I like to have the log files break themselves up into weekly chunks so i can go clear out the old ones every once in a while.  In Snow Leopard, this was easy — just tick the little box and it did it.  Lion makes me work harder.

  • Open the site file (etc/apache2/sites/ip-address_port-number_domain-name.conf)
  • Change the CustomLog from this:

CustomLog “/var/log/apache2/example_access_log”

  • To this:

CustomLog ‘|/usr/sbin/rotatelogs “/var/log/apache2/example_access_log” 604800 -360’ “%h %l %u %t \”%r\” %>s %b”

  • Change the ErrorLog from this:

ErrorLog “/var/log/apache2/example_error_log”

  • To this:

ErrorLog ‘|/usr/sbin/rotatelogs “/var/log/apache2/example_error_log” 604800 -360’

One wonders if making these changes to the default version of the configuration file would drive this stuff in automagically.  Might just research that some day.

Web — permalinks in WordPress sites

WordPress has the ability to change the format of the URLs for posts and pages from the ugly PHP link to a prettier “permalink” structure.  Apache needed to be tweaked in Snow Leopard to make this work right, and it still does in Lion.  Here’s how.
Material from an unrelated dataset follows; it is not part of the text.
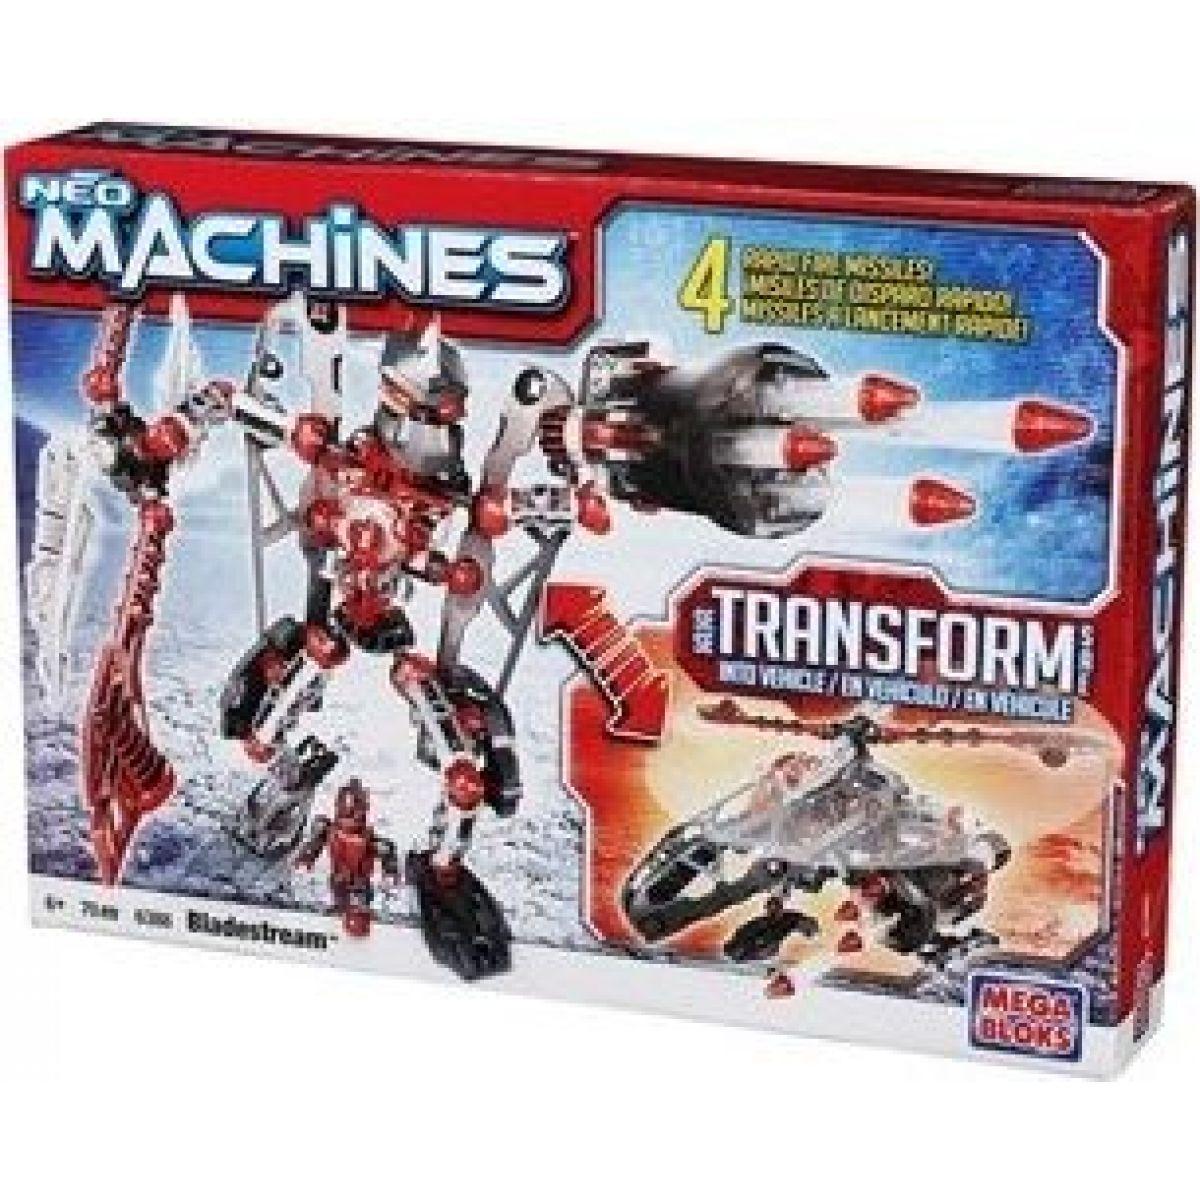 Mega Bloks 6388 Neo Machines Bladestream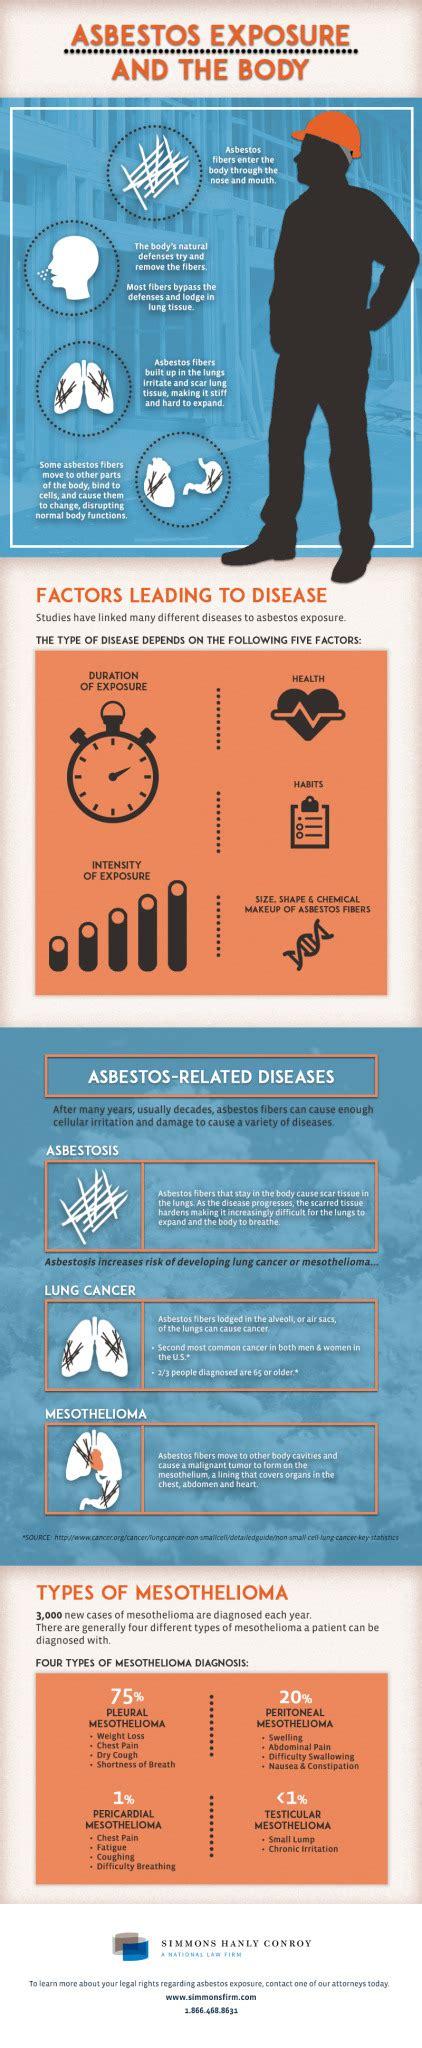 asbestos exposure   body infographic simmons

  • The etc/apache2/httpd.conf file needs to be changed (only once, the first time through) so that the “AllowOverride” statement in the “/Library/WebServer/Documents/” section reads “AllowOverride All” (there are several AllowOverride statements in httpd.com — pay attention to which one is being changed).  Note: I’m not sure this step is really required — my testing was a little horked up and I’m too lazy to repeat it to verify
  • Open the site file (etc/apache2/sites/ip-address_port-number_domain-name.conf)
  • Change the statement “AllowOverride None” to “AllowOverride All” in the “Directory” section
  • Create a .htaccess file in the site directory (use Terminal, CD to the site directory, “sudo touch .htaccess”)
  • Change ownership of the .htaccess file to the “_www” user (“sudo chown _www .htaccess”) — this lets WordPress modify the .htaccess file with the permalink rules.
  • Restart the web service in the Server app
  • When all else fails (I had a heck of a time getting the server to write the .htaccess file correctly — although restarting Finder [Apple-menu/Force-quit…/Finder/Restart] may have cured that problem) I manually edit the .htaccess file.   Here’s the code that needs to be in it:
# BEGIN WordPress
<IfModule mod_rewrite.c>
RewriteEngine On
RewriteBase /
RewriteRule ^index\.php$ - [L]
RewriteCond %{REQUEST_FILENAME} !-f
RewriteCond %{REQUEST_FILENAME} !-d
RewriteRule . /index.php [L]
</IfModule>
# END WordPress

Conclusion

Well, none of this is real tough — so I think I’m about ready to start moving stuff over to the Lion environment.  I’ll probably wind up running it under a virtual machine until I’ve converted everything.  Then I’ll explore moving it out of the virtual machine back into a native Lion install on my tiny little server.  Or maybe not.  That’s for another day.